Another potential approach to deterring cheating could be to deliberately set traps, of ‘honeypots’; websites which appear to show students the answers to an exam but which are actually a way of catching students who commit academic misconduct. This approach has been used to quantify cheating in online exams, as described above (Corrigan-Gibbs et al., 2015b). There are some obvious ethical issues associated with such an approach, and from a practical perspective it seems reasonable to assume that students would get wise to this, and that the identity and nature of any honeypot could be easily shared by students cheating collaboratively.

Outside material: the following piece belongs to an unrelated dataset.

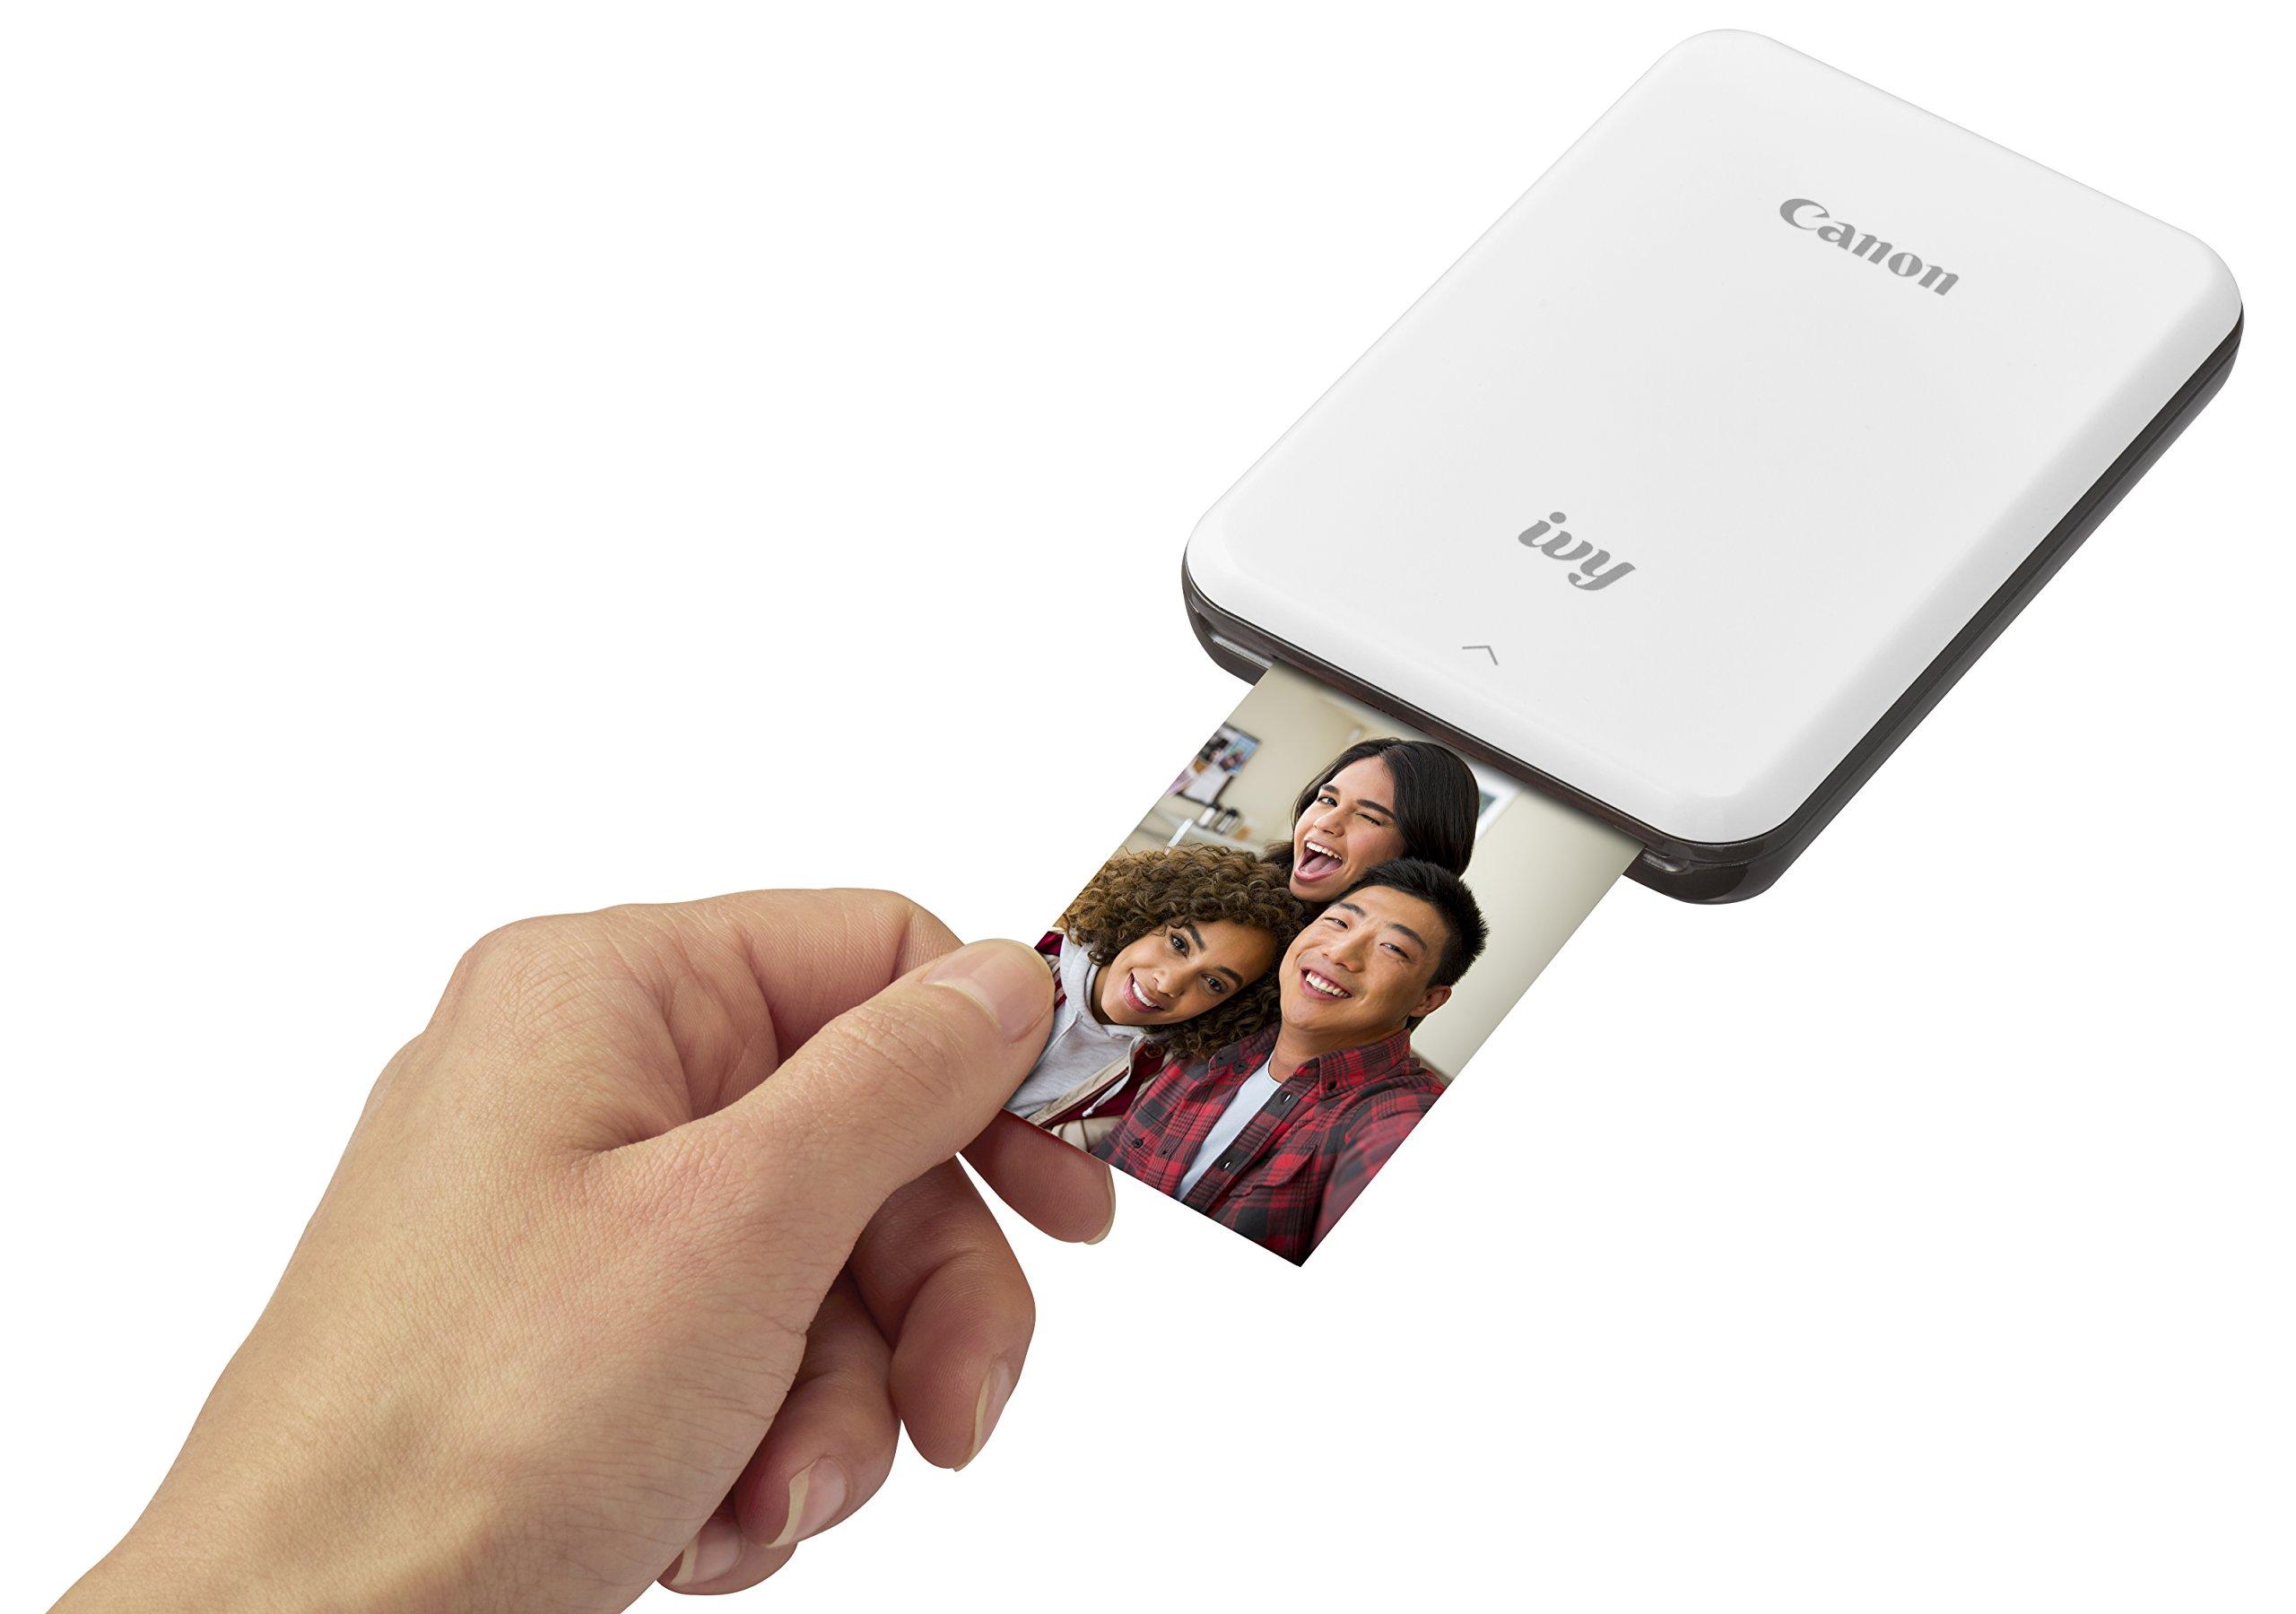 Canon IVY Mobile Mini Photo Printer through Bluetooth(R), Slate Gray by Canon (Image #2)

Another option to reduce cheating in online exams is to use open-book exams. This is often suggested as a way of simultaneously increasing the cognitive level of the exam (i.e. it assesses higher order learning) (e.g. (Varble, 2014), and was suggested as a way of reducing the perceived, or potential increase in academic misconduct during COVID (e.g. (Nguyen et al., 2020; Whisenhunt et al., 2022). This approach has an obvious appeal in that it eliminates the possibility of some common forms of misconduct, such as the use of notes or unauthorized web access (Noorbehbahani et al., 2022; Whisenhunt et al., 2022), and can even make this a positive feature, i.e. encouraging the use of additional resources in a way that reflects the fact that, for many future careers, students will have access to unlimited information at their fingertips, and the challenge is to ensure that students have learned what information they need and how to use it. This approach certainly fits with our data, wherein the most frequently reported types of misconduct involved students acting alone, and cheating ‘because they could’. Some form of proctoring or other measure may still be needed in order to reduce the threat of collaborative misconduct. Perhaps most importantly though, it is unclear whether open-book exams truly reduce the opportunity for, and the incidence of, academic misconduct, and if so, how might we advise educators to design their exams, and exam question, in a way that delivers this as well as the promise of ‘higher order’ learning. These questions are the subject of ongoing research.

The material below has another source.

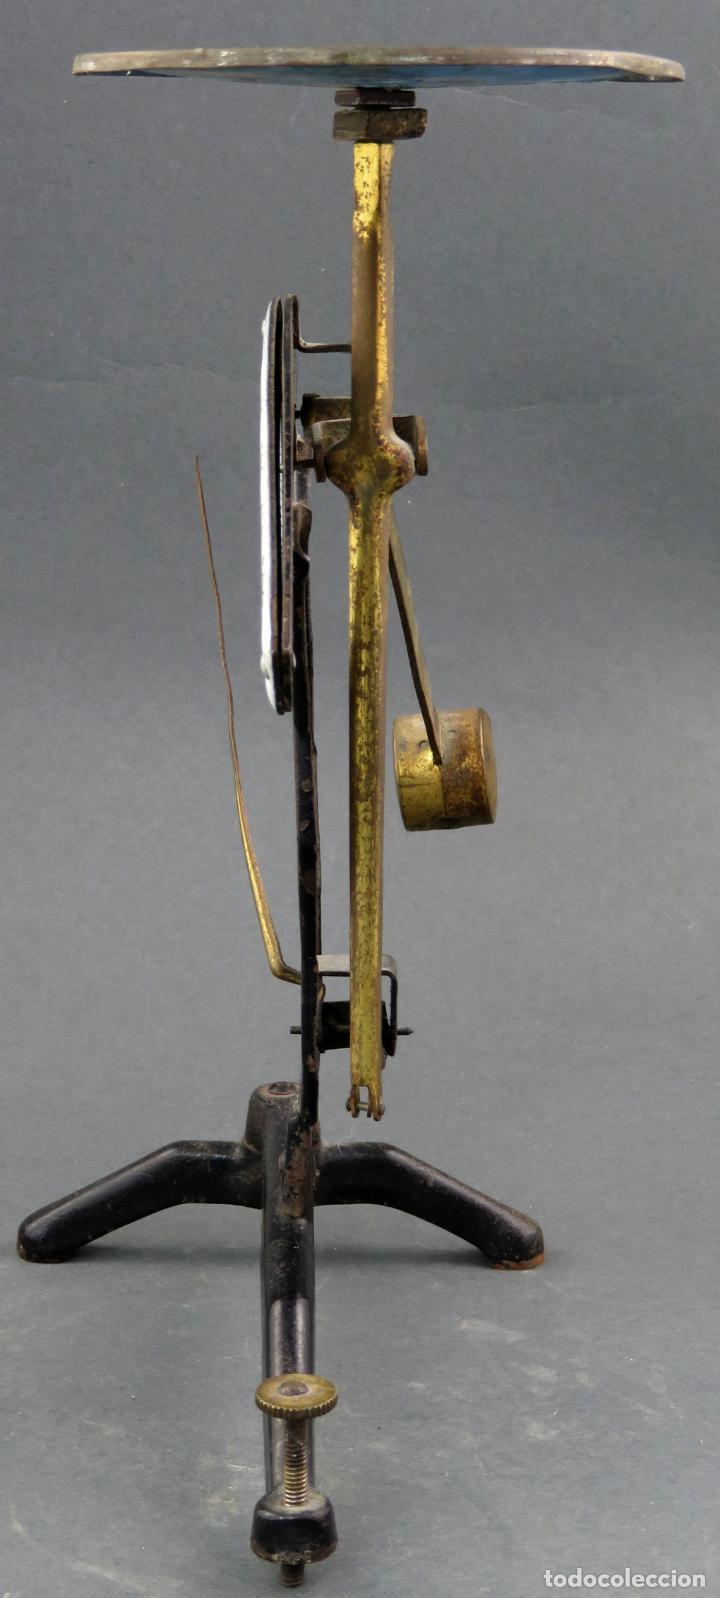 Antigüedades: Bascula balanza española postal pesar cartas correo en hierro Jmaz principios siglo XX - Foto 3 - 142681646

In summary then, there appears to be significant levels of misconduct in online examinations in Higher Education. Students appear to be more likely to cheat on their own, motivated by assessment design and delivery which makes it easy for them to do so. Future research in academic integrity would benefit from large, representative samples using clear and unambiguous survey questions and guarantees of anonymity. This will allow us to get a much better picture of the size and nature of the problem, and so design strategies to mitigate the threat that cheating poses to assessment validity.